DATA SEGMENT:
• • • • • • •

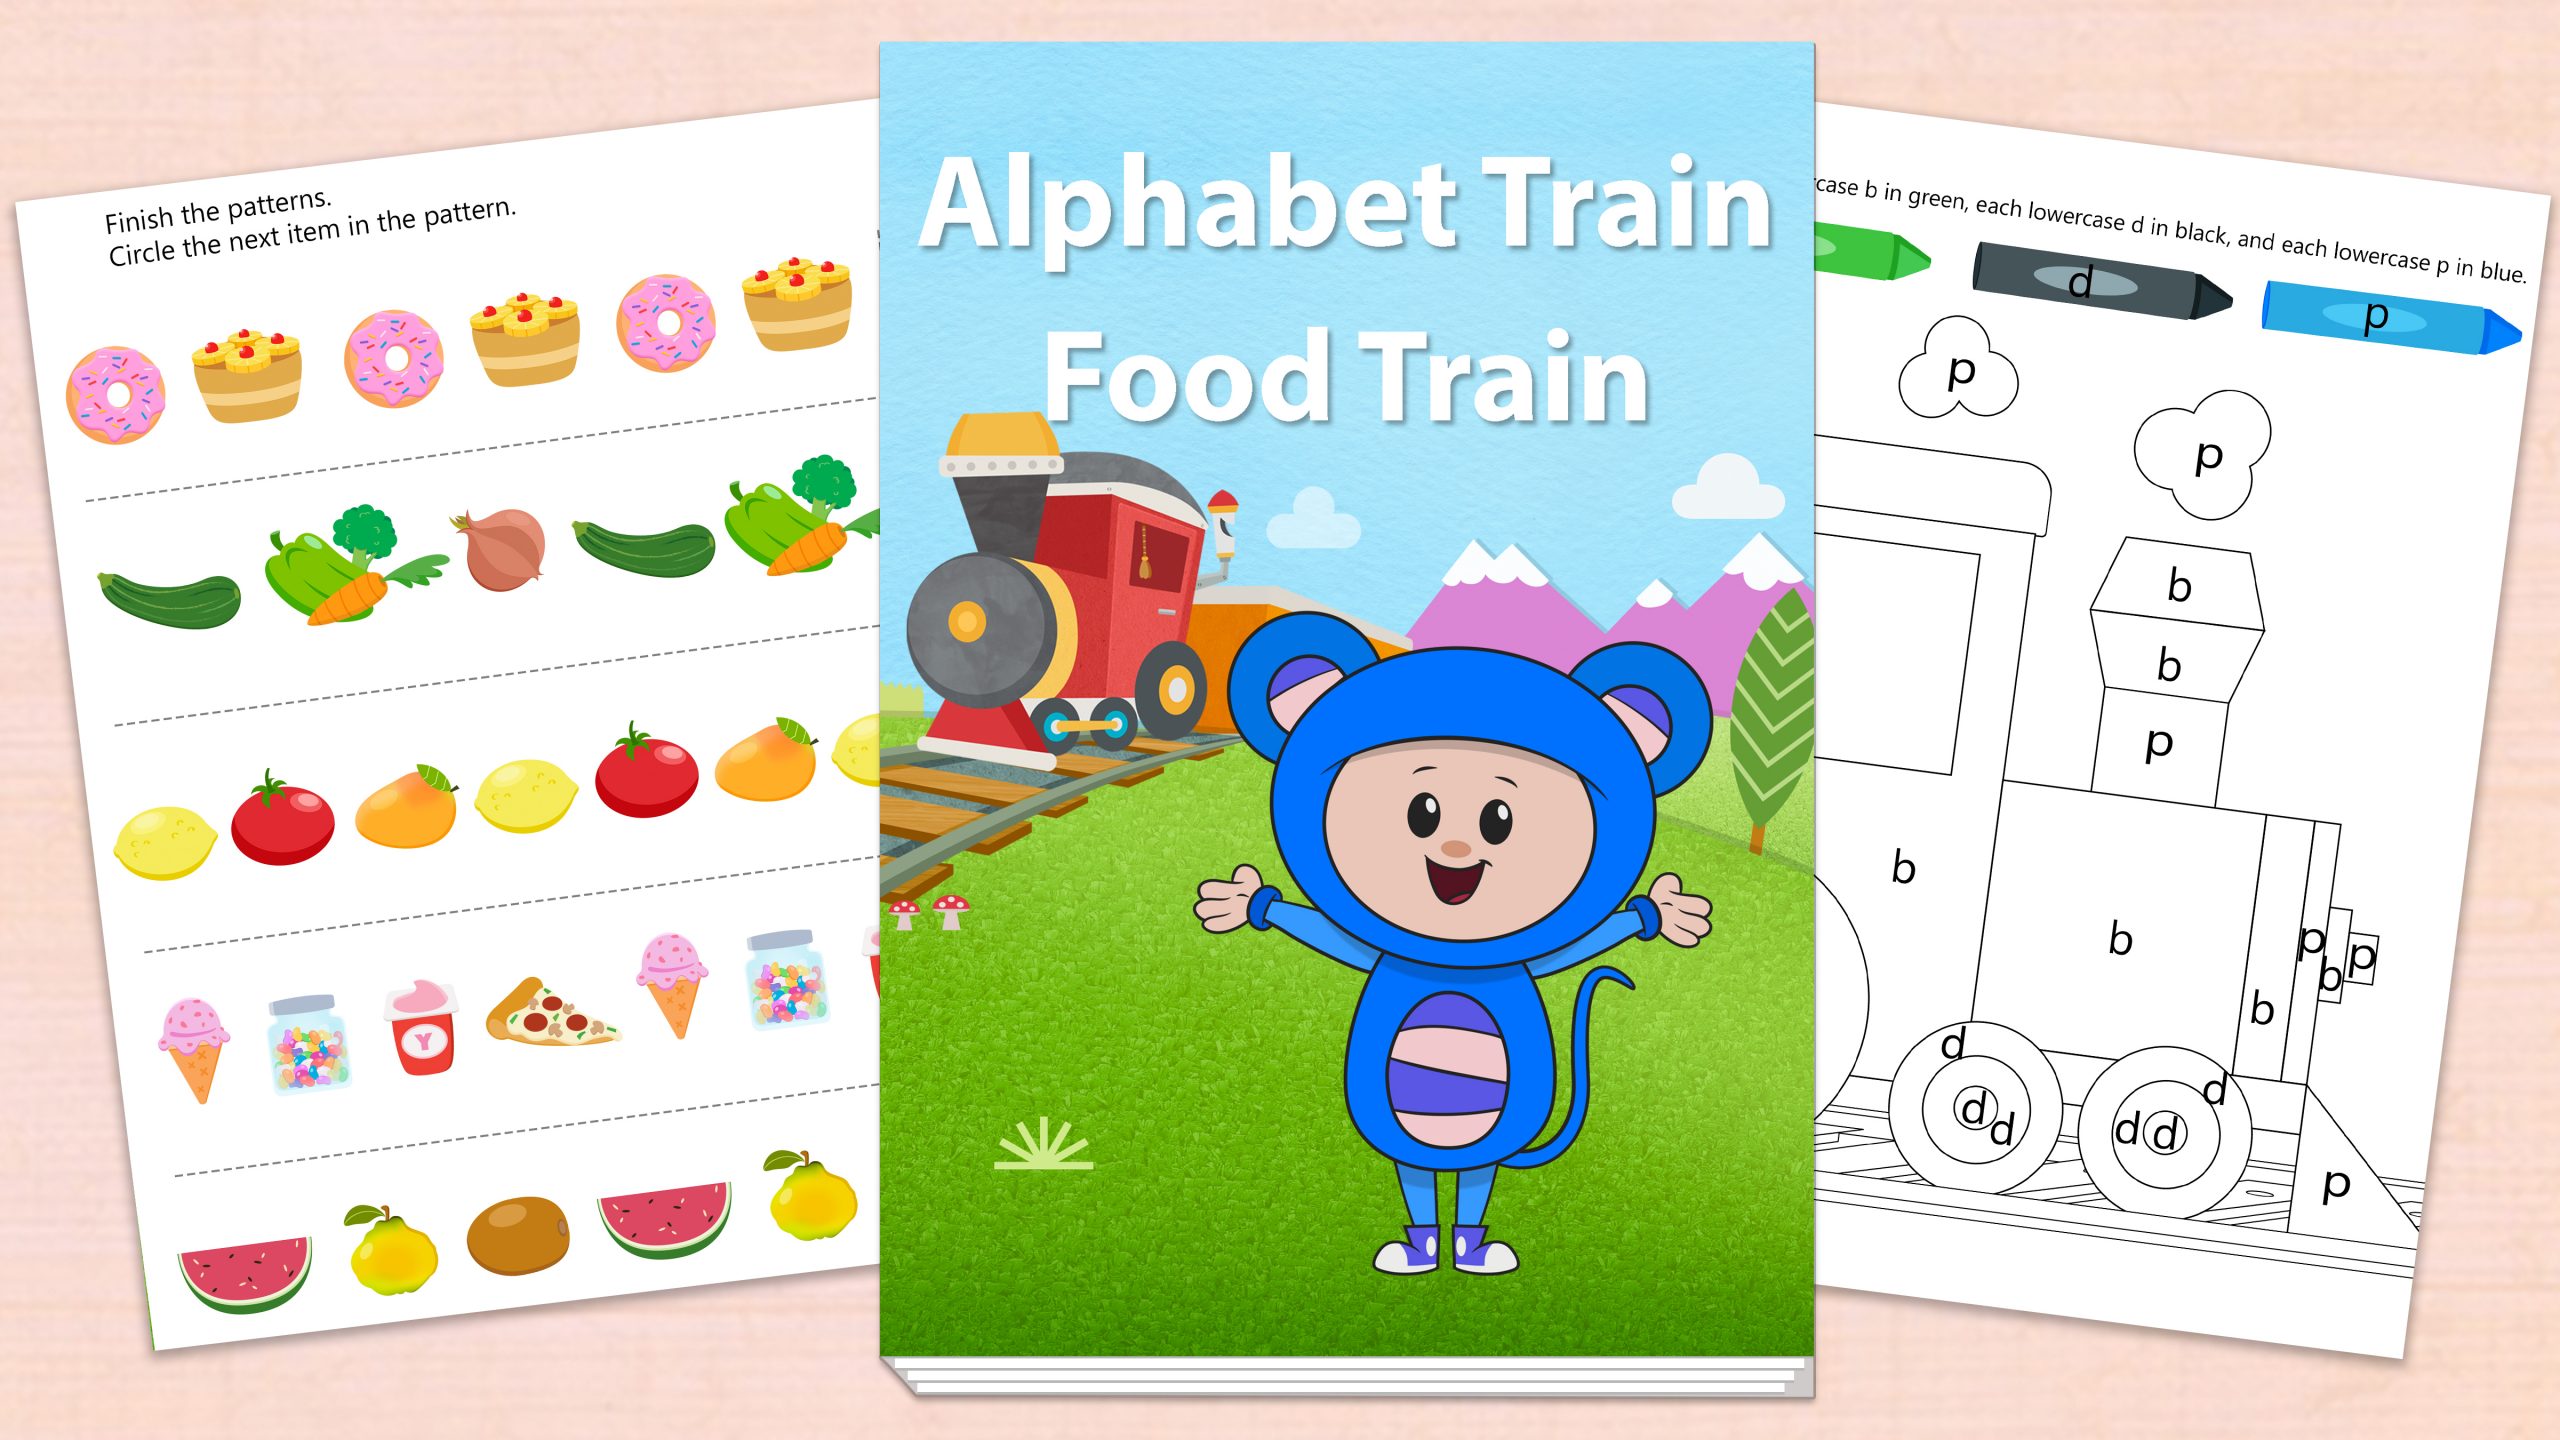 Alphabet train food train
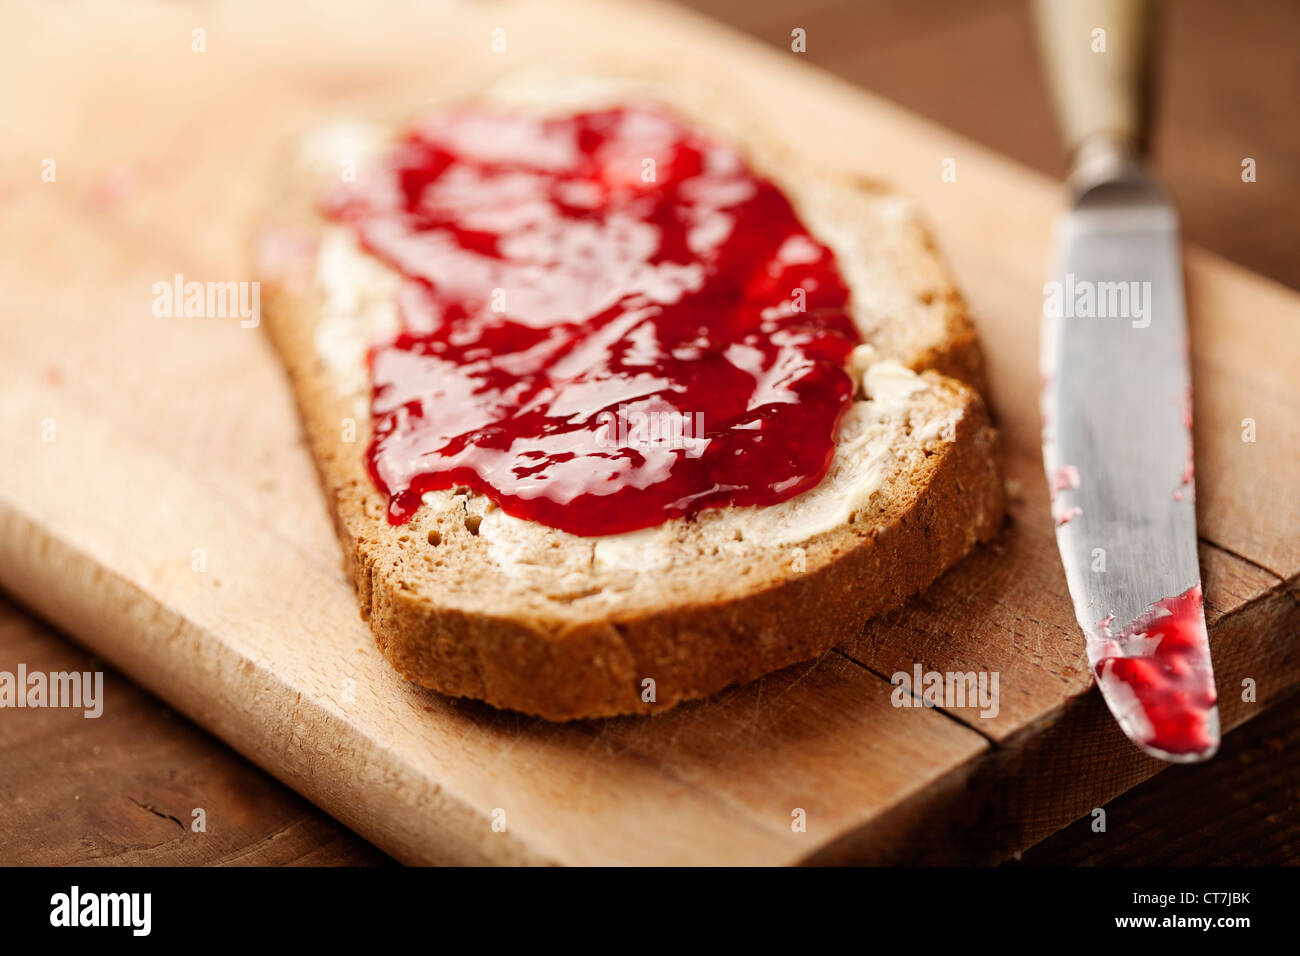 jam on bread Stock Photo
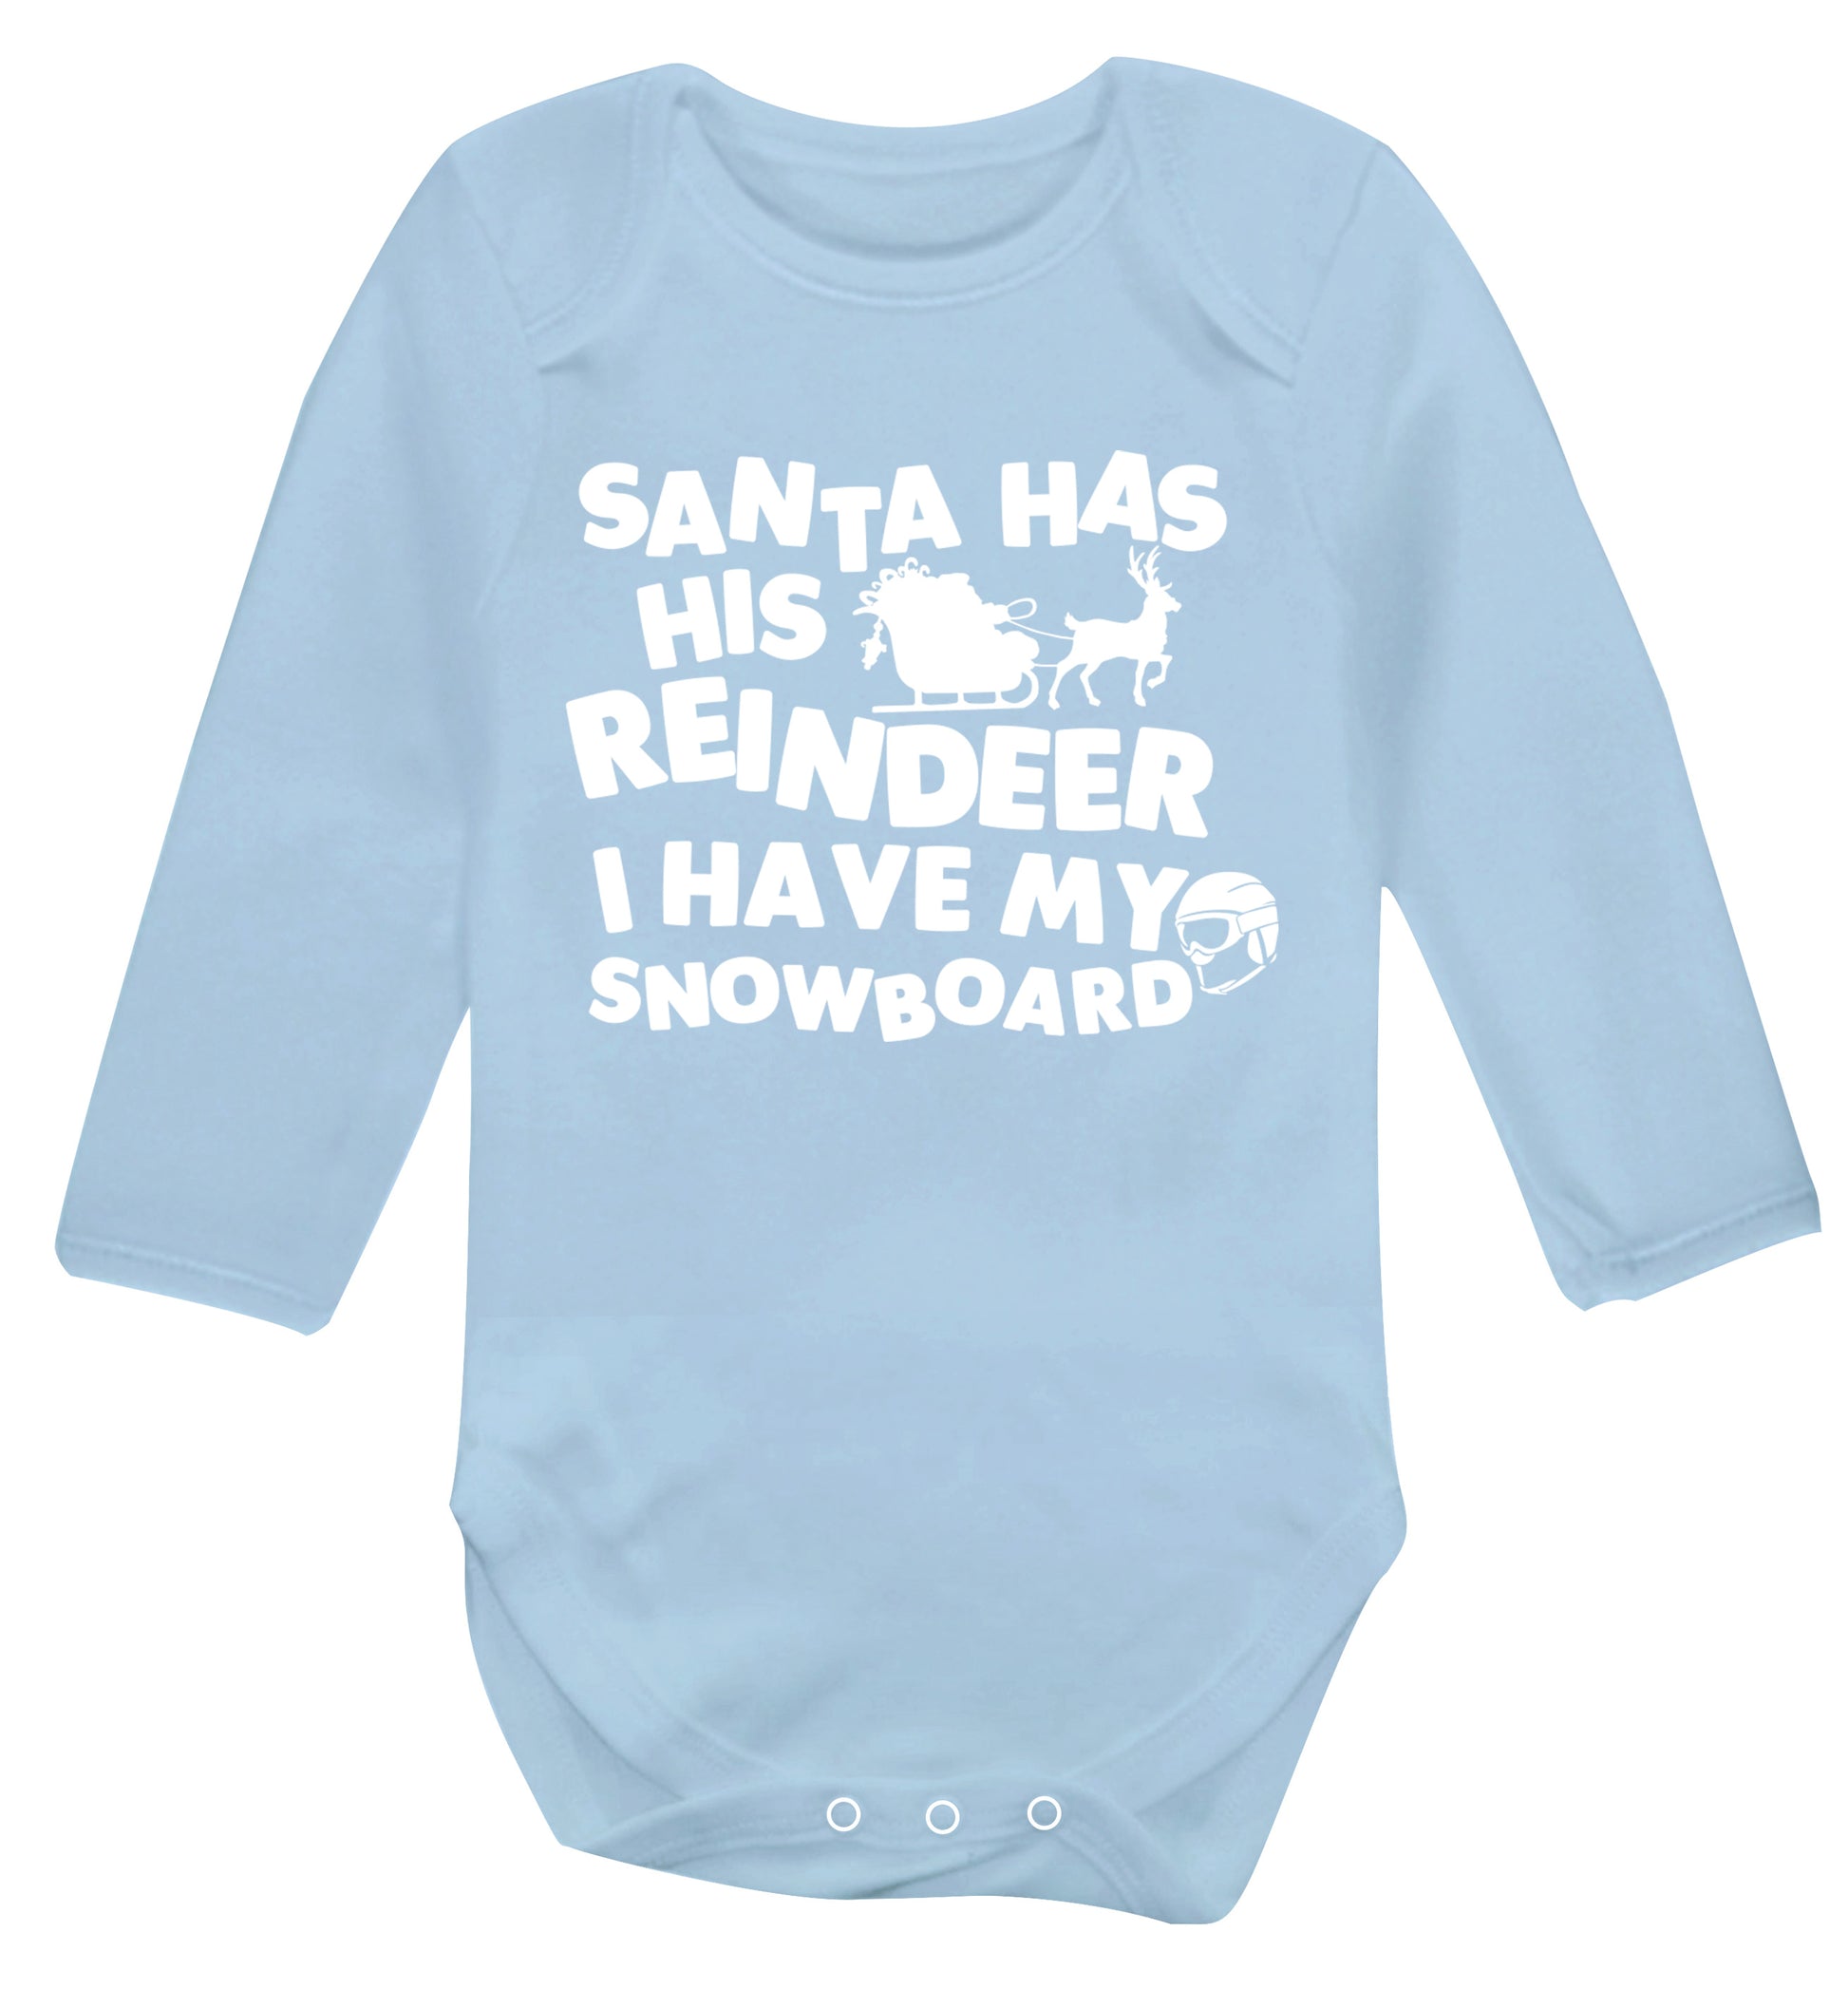 Santa has his reindeer I have my snowboard Baby Vest long sleeved pale blue 6-12 months

• • • • • • •

WHAT IS REQUIRED: A word-for-word reprint of the listing above is needed, minus the pictures.

WRITTEN RESPONSE:
 Alphabet train food train
 jam on bread Stock Photo
 Santa has his reindeer I have my snowboard Baby Vest long sleeved pale blue 6-12 months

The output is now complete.